Jackie Mills

Personal information
- Born: 3 September 1905 Dunedin, Otago, New Zealand
- Died: 11 December 1972 (aged 67) Hamilton, Waikato, New Zealand
- Batting: Left-handed
- Relations: George Mills (father)

International information
- National side: New Zealand (1930–1933);
- Test debut (cap 13): 24 January 1930 v England
- Last Test: 31 March 1933 v England

Career statistics
| Competition | Test | First-class |
| Matches | 7 | 97 |
| Runs scored | 241 | 5,025 |
| Batting average | 26.77 | 32.84 |
| 100s/50s | 1/0 | 11/25 |
| Top score | 117 | 185 |
| Balls bowled | 0 | 183 |
| Wickets | – | 4 |
| Bowling average | – | 30.75 |
| 5 wickets in innings | – | 0 |
| 10 wickets in match | – | 0 |
| Best bowling | – | 2/57 |
| Catches/stumpings | 1/– | 30/– |
- Source: Cricinfo, 1 April 2017

= John Mills (New Zealand cricketer) =

New Zealand cricketer

John Ernest Mills (3 September 1905 – 11 December 1972), known as Jackie Mills, was a New Zealand cricketer who played in seven Test matches between 1930 and 1933.

==Cricket career==
Jackie Mills's father George was an all-rounder who played for Auckland in the 1890s and 1900s and was the groundsman at Eden Park in Auckland.

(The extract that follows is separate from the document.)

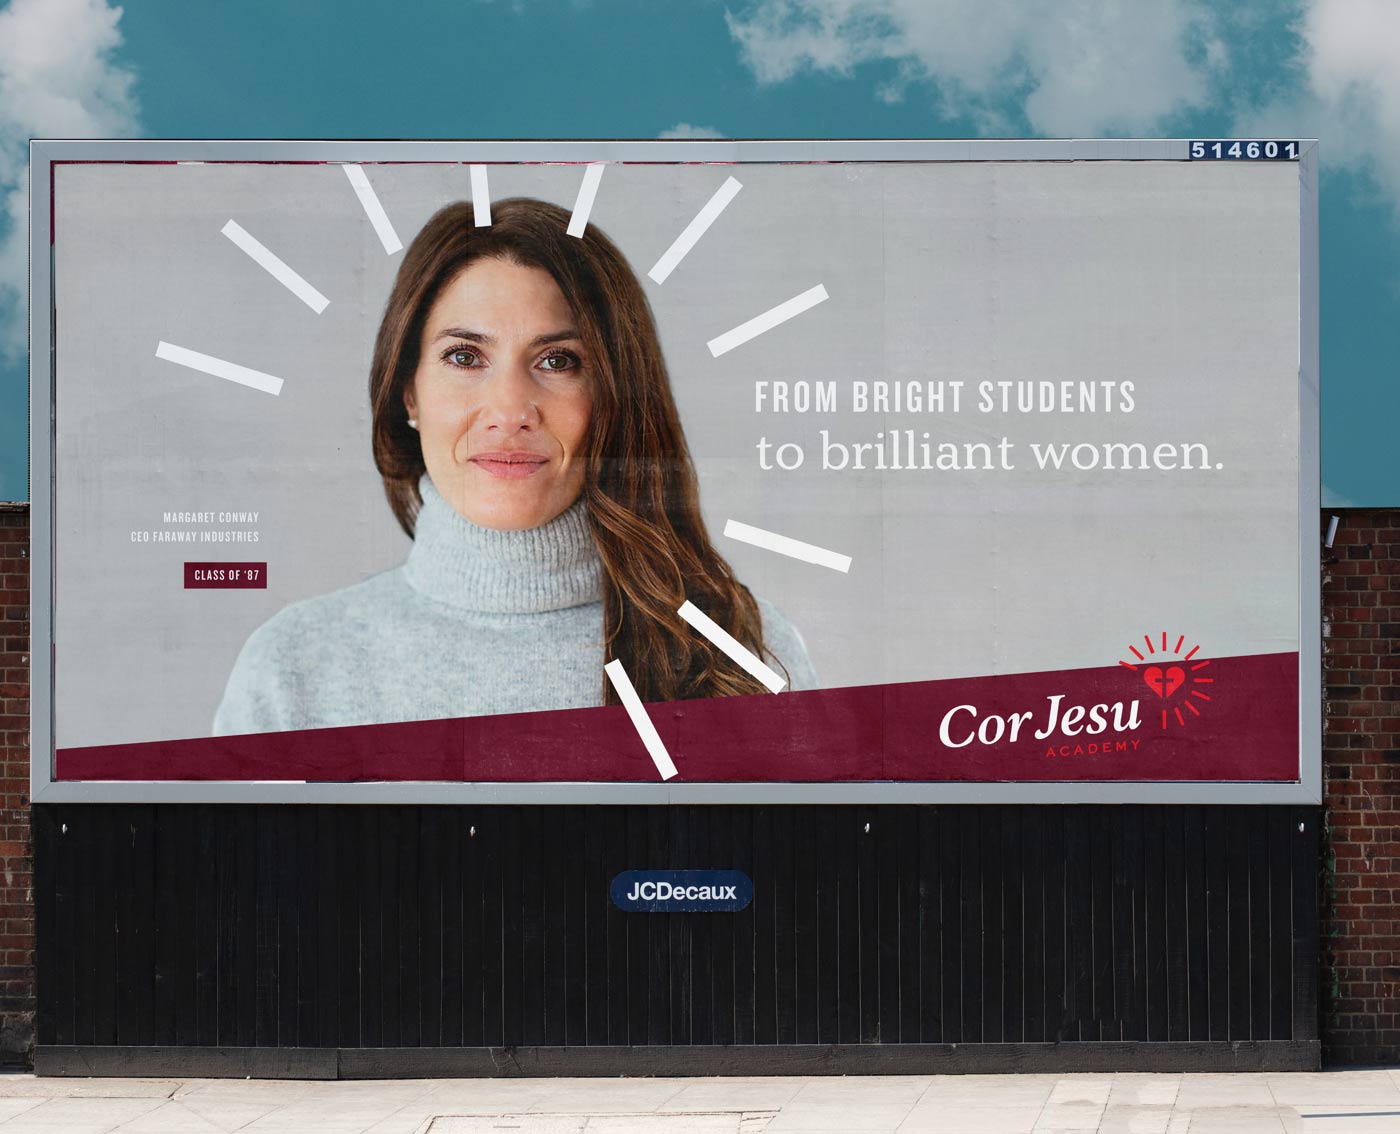 A billboard showing Cor Jesu's new branding with a photo of an alumna and the words "From bright students to brilliant women."

A left-handed opening batsman, Mills played for Auckland from 1924–25 to 1937–38, and toured England with the New Zealand teams of 1927 and 1931, scoring over 1000 runs on each tour. In an Auckland senior club match for Eden against University in 1924–25, Mills and Hector Gillespie shared an opening stand of 441. In the first match of the 1929-30 Plunket Shield season he scored 185, his highest score, in an innings victory for Auckland over Otago. He scored more than half of Auckland's total of 356, and more than Otago's two innings combined.

He was the first New Zealander to make a Test century on debut. He scored 117 for New Zealand against England at Basin Reserve, Wellington, New Zealand, in 1929–30, and he and Stewie Dempster put on 276 for the first wicket. However, Mills's next nine Test innings produced only 124 runs.

Dick Brittenden said: "Mills, lean and graceful, never seemed sufficiently robust for the demands of test cricket; he could probably claim to be the only test batsman who habitually wore wool, from neck to ankle, next to the skin. But if his batting looked effete, it was effective. A most graceful driver and cutter, he had the left-hander's penchant for the hook. Spare and frail he was, but there was tremendous power which came from some hidden source; he was New Zealand's nearest approach to Woolley."

==Personal life==
Mills married an English woman in London a few days before the 1931 touring team returned to New Zealand, but she did not follow him to New Zealand, and the marriage was dissolved shortly afterwards. He married again in 1957. Neither marriage produced children.

Mills worked for most of his adult life in the insurance industry. He had a high position with the Victoria Insurance Company by the time he retired in 1971. He died in Hamilton in December 1972, aged 67.